A driver who ran a red light and mowed down three children before fleeing the scene has temporarily avoided jail after receiving his prison sentence.
The 19-year-old driver, Vansh Khanna, drove through a red light at an intersection on the Pacific Highway in Crows Nest in May, throwing three children into the air who were crossing towards a green pedestrian light.
Dashcam footage from a driver just meters away shows the traffic lights turned red for several seconds before the horrific collision – then Khanna fled the scene.
One of the boys, aged 13, was taken to Sydney Children’s Hospital with serious but non-life-threatening injuries, while the other two 12-year-old boys suffered minor injuries.
Khanna, who is in Australia on a study visa, faced Manly Local Court on Thursday charged with several motoring offenses including careless driving causing grievous bodily harm and failing to stop and assist.

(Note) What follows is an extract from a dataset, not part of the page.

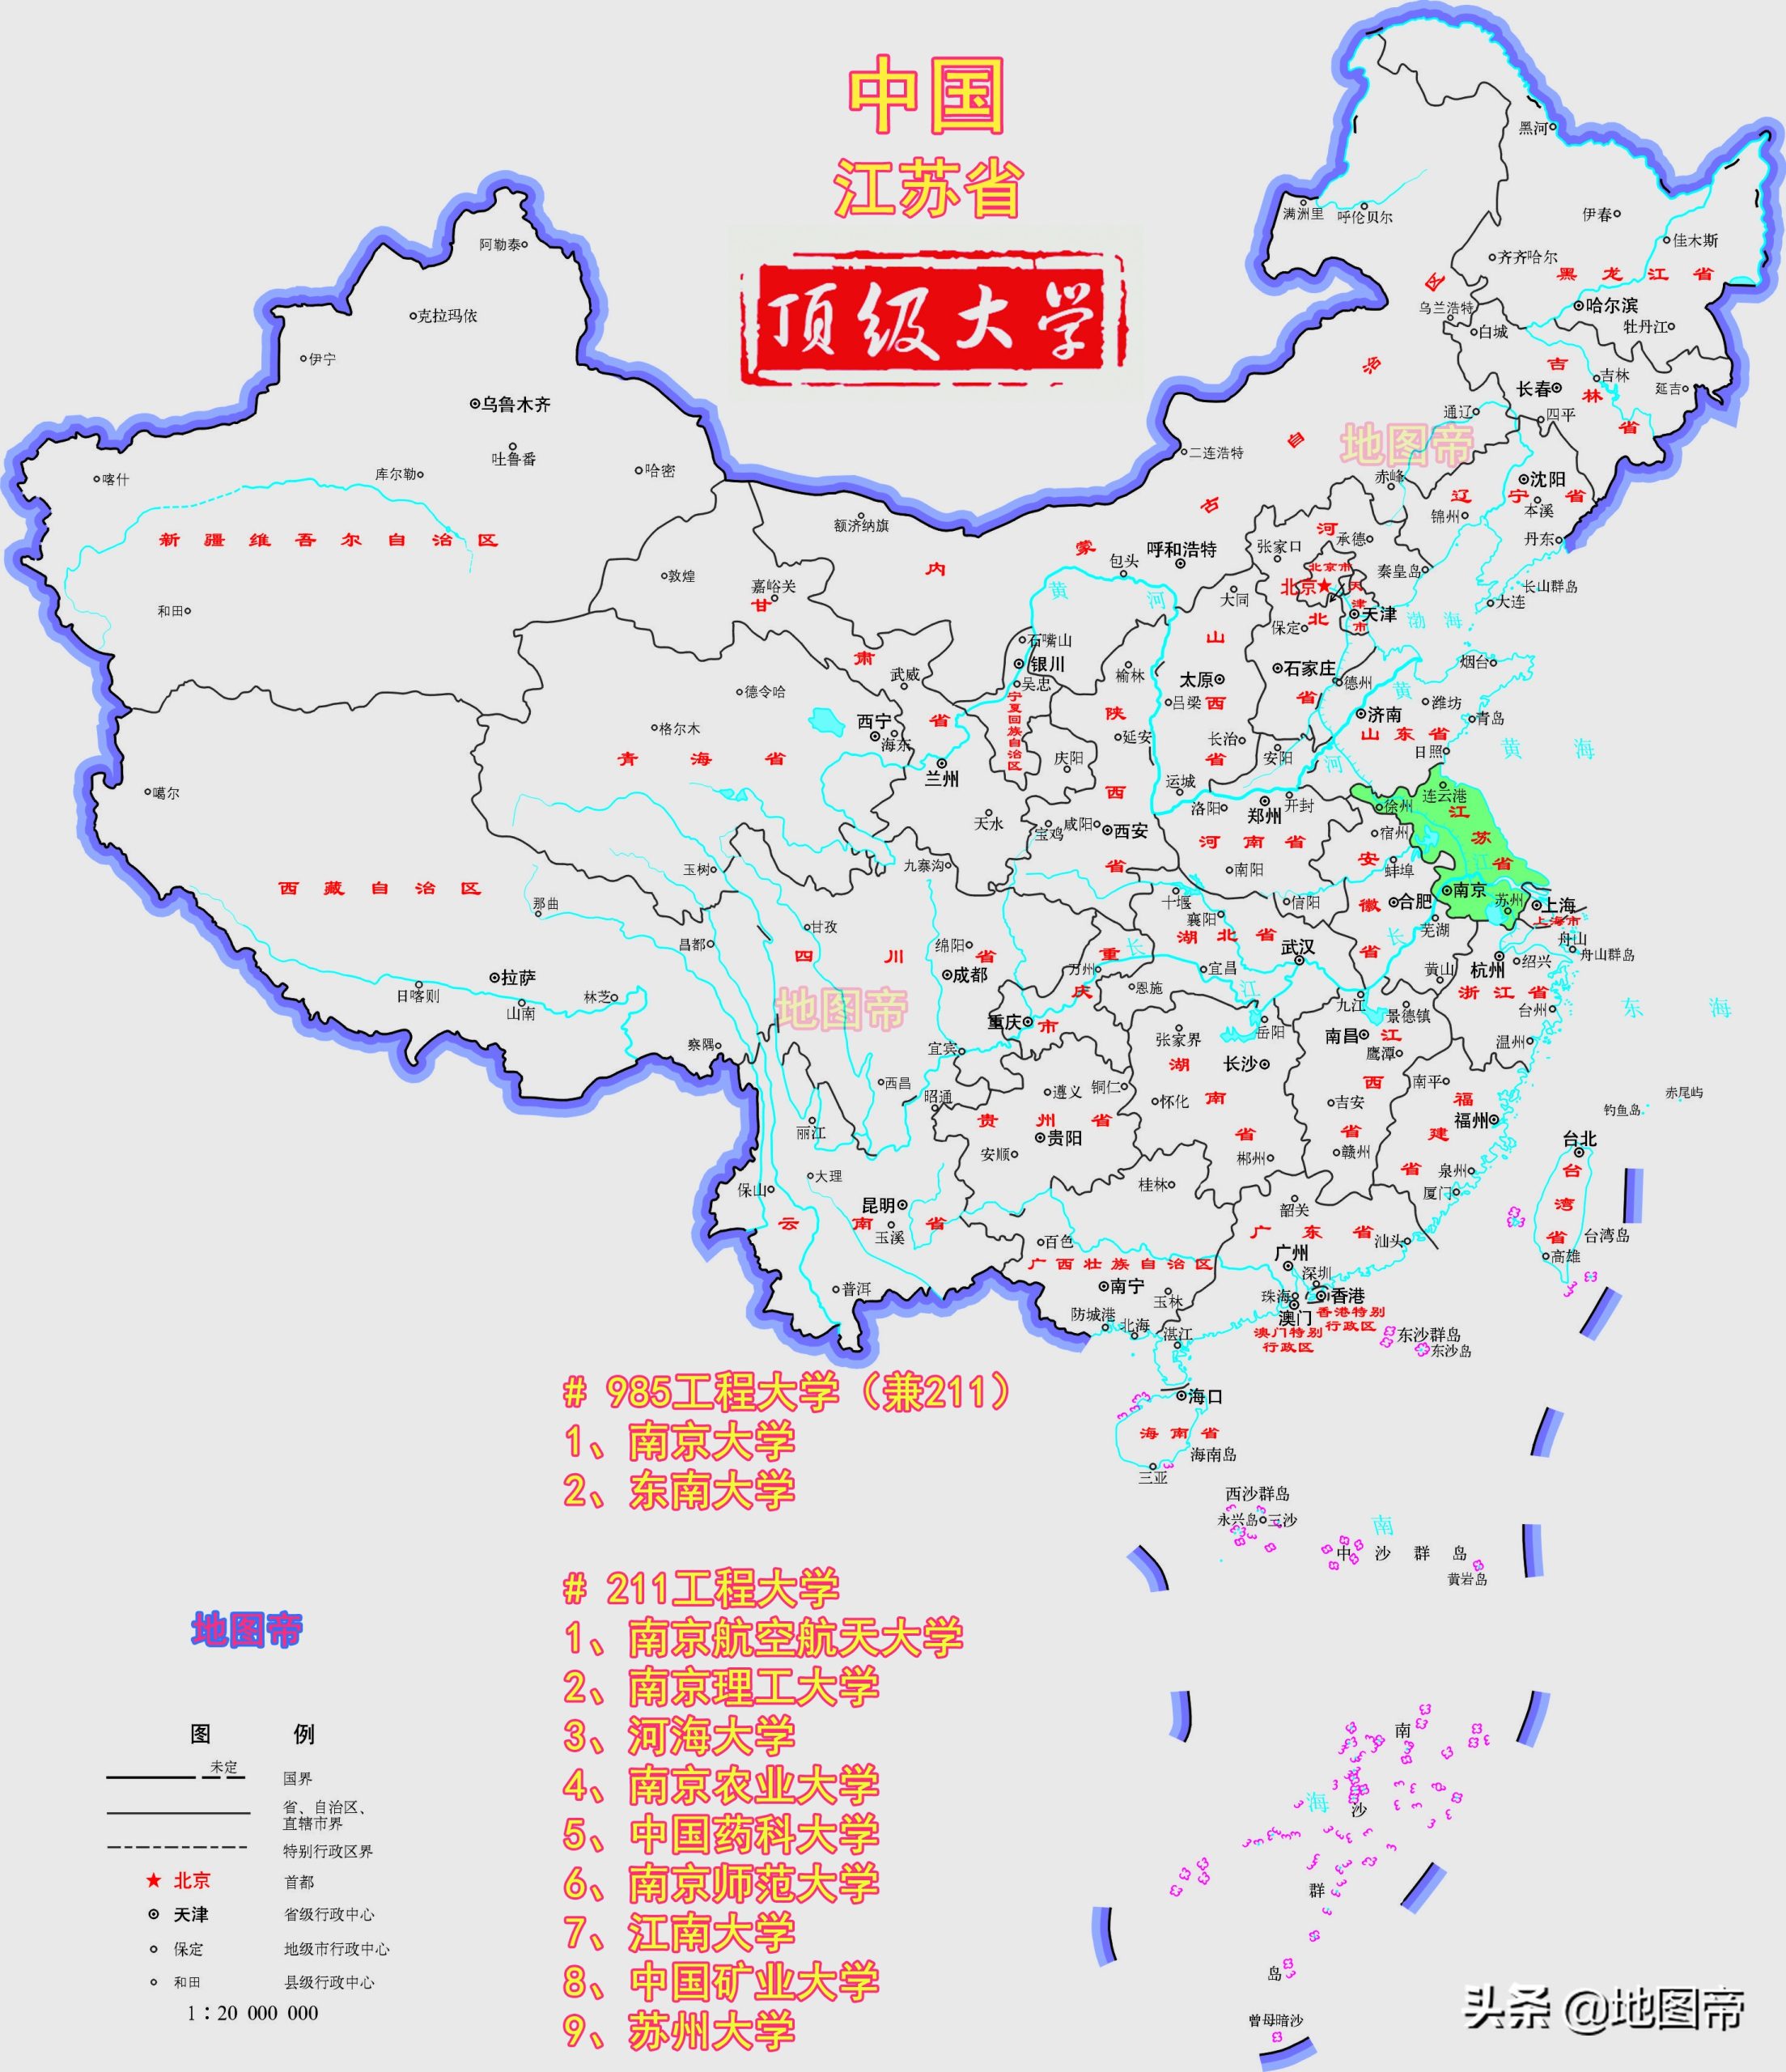 江苏211大学名单一览表(江苏省一共有多少211大学)插图11

Vansh Khanna (centre), who ran a red light, mowed down three children and fled the scene, avoided jail despite being sentenced to 26 months for the Crows Nest hit-and-run
In a statement read to the court by Khanna’s lawyer Hemant Prakash, the teenager said the incident was due to a moment of “inattention”.
He tried to justify his escape by saying he was “panicking… because in India they throw sticks and stones at you.”

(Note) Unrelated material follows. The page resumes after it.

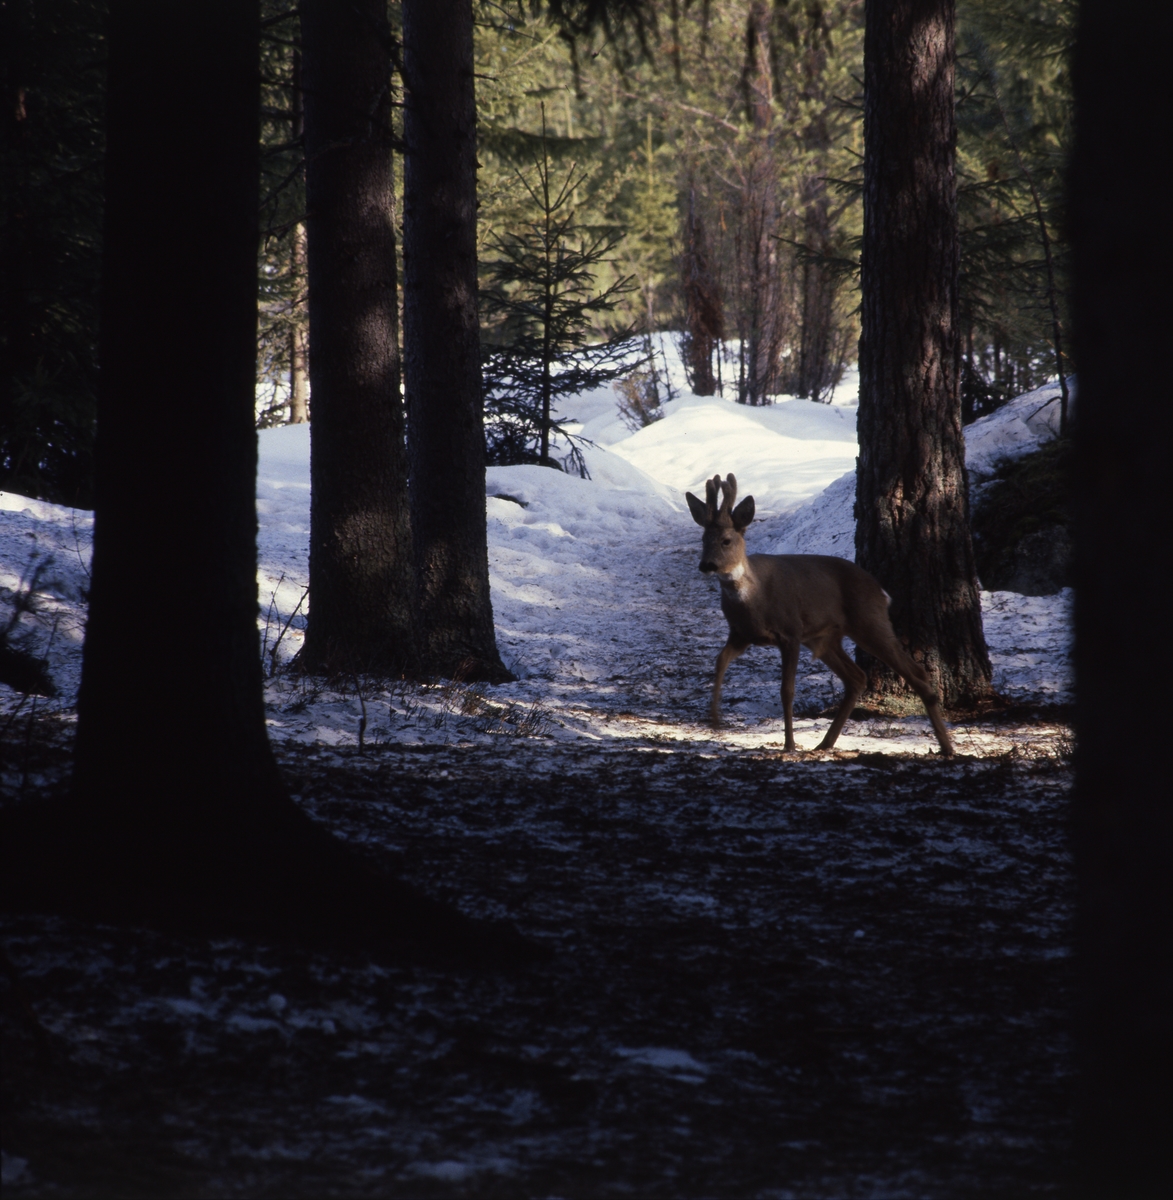 I skuggan mellan några trädstammar i skogen går en råbock och tittar, 28 mars 1982.

Khanna took responsibility for the incident, saying: “It is my fault and I am the only one responsible… I pray that the victims give them strength and courage.”
State’s Attorney Craig Pullen disagreed with Khanna’s assertion that he had been “inattentive,” telling the court that the defendant made the choice to flee the scene.
“He saw the red light, he saw the green light facing the pedestrians, he made a decision. This decision was based on his haste, which in my view does not constitute momentary inattention,” Mr. Pullen said.
Khanna was convicted of several traffic violations; however, he was released on bail pending an appeal from his lawyers.
Khanna was sentenced to 26 months in prison and was escorted from the courtroom to a cell.
However, in a surprising twist, his lawyers launched an appeal immediately after the conviction, leading to Khanna’s release.
Khanna was allowed back into the public under strict bail conditions, including a ban on driving a motor vehicle and a requirement to surrender his passport.
If he is able to obey the conditions, Khanna will remain free until the appeal is heard in court.